Sheetal Shah, health solutions architect at Avanade Inc., a business technology solutions provider and MSP, said an app challenge provides an avenue for introducing technology the company has developed for other industries into the health care field. Avanade is currently working on the Medicare Claims Data Developer Challenge. It also participates in code-a-thons.
Shah finds the in-person challenges useful for networking and "engagement from the community." At one event, a previous challenge winner provided useful advice on how HIPAA impacts mobile messaging.
Can an app challenge bring sustainability to participants?
Health care challenges generate plenty of ideas, but do they lead to sustainable products for businesses and consumers?
Kessler said not every app challenge views commercial product development as part of its mission.
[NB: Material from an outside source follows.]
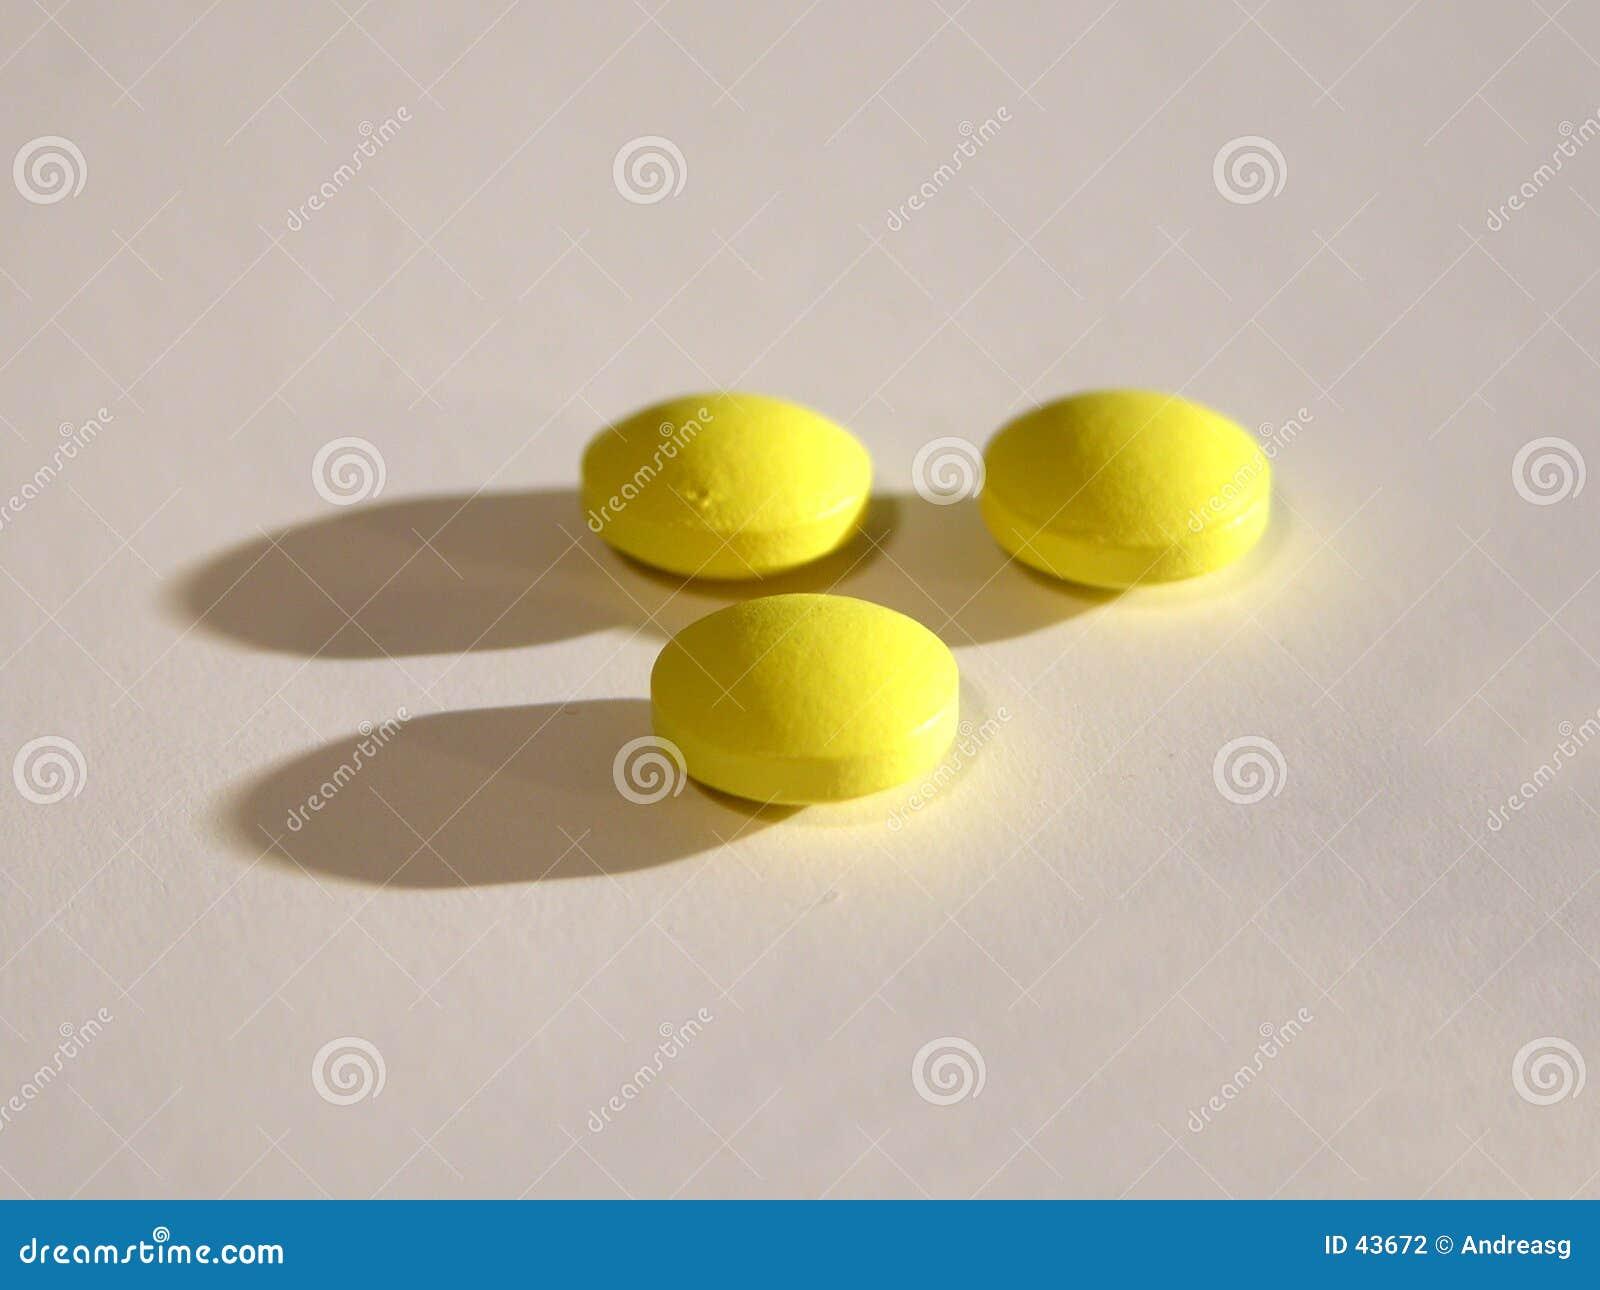 3 pillules jaunes

But a competition with that goal in mind can look for ways to encourage developers beyond the challenge itself. Winners could be given an opportunity to meet with venture capital firms, for example, or an awards ceremony might include introductions to investors.
"You build into the opportunity a way for them to sustain their applications," Kessler said. "That makes it attractive for them to enter in the first place and deals with sustainability."
At Avanade, Shah has come across tech accelerators and venture capitalists at live challenges. "We have seen keen interest in getting projects off the ground," he said.
In a few cases, health app demos have paved the way for projects and products. Avanade has been able to translate one of its challenges into a product. The company's mobile messaging integration app came out on top in a competition earlier this year. The company now markets that app to customers as the Avanade Mobile Health Messaging Framework.
In another example, Acsys put together a mobile augmented reality app for a challenge last year. The app, which lets users look up population health data on a county-by-county basis, caught a hospital customer's eye and led to the creation of a mobile concierge application. That system is designed to help patients in the hospital for long-term treatment.
The concierge development was only loosely based on the challenge app, Valencis said, but the challenge app "was helpful in sparking the conversation."